Researchers were able to follow the processes coming from the nerve cell from the retina to the places where they connect to brain regions responsible for circadian rhythms, eye reflexes and vision. The ipRGCs connect to many parts of the brain that regulate different tasks. The cells tell one part of the brain that it is bright outside, so the pupil shrink and it does so in less than a second. The ipRGCs also connects to the brain’s master clock to regulate the sleep/wake cycle. The question that needed to be answered was how do the ipRGCs do these different tasks.
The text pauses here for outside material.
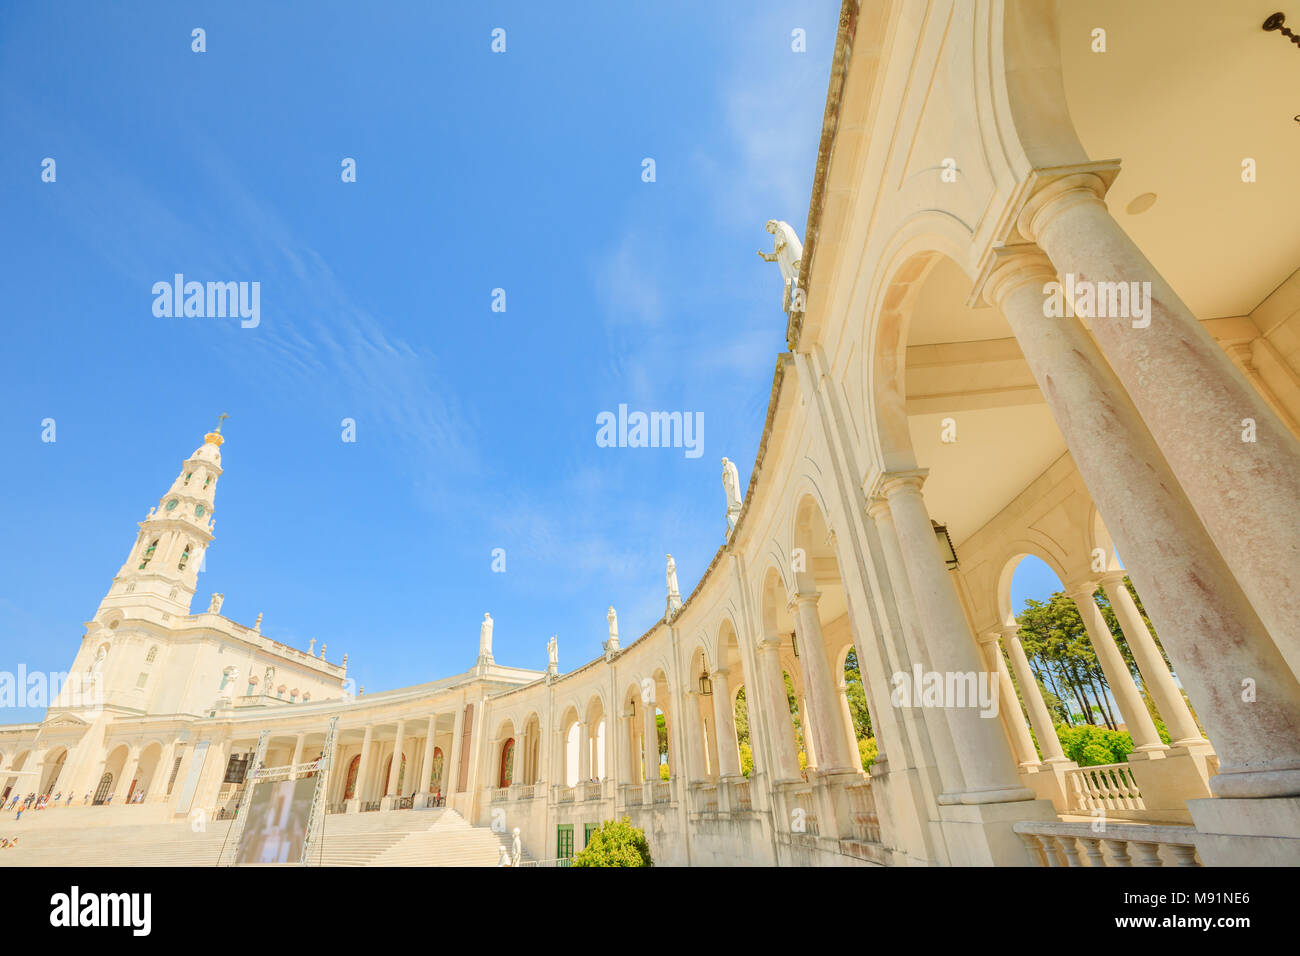 Sanctuaire de Notre Dame de Fatima dans le ciel bleu, le Centre du Portugal, l'un des plus importants sanctuaires mariaux et lieux de pèlerinage pour les catholiques. Basilica de Nossa Senhora de colonnade blanche. Banque D'Images

It was found that the difference has to do with the way light detected by the retina reaches the brain. Scientists were able to trace the signal to the brain region that constricts the pupil and they found that that those connections were strong like water coming out of a hose. When it comes to the ipRGCs and the master clock, the connections were weak, like water coming out of a drip irrigation system. Since the ipRGCs delivers the light to the brain’s master clock, it takes longer for information to reach it and reset the clock. That explains why it is easier to go back to sleep after going to the bathroom, but it is harder to go back to sleep after spending a half hour looking for something around the house. In the case of spending a half hour to look for something, enough light reached the brain that the clock was reset.

“These findings and methods open new opportunities for brain researchers studying the long-distance wiring of brains in normal and in animal models of human disease,” said Mark Ellisman, distinguished professor of neurosciences at UC San Diego and adjunct professor at Salk, who co-led the work.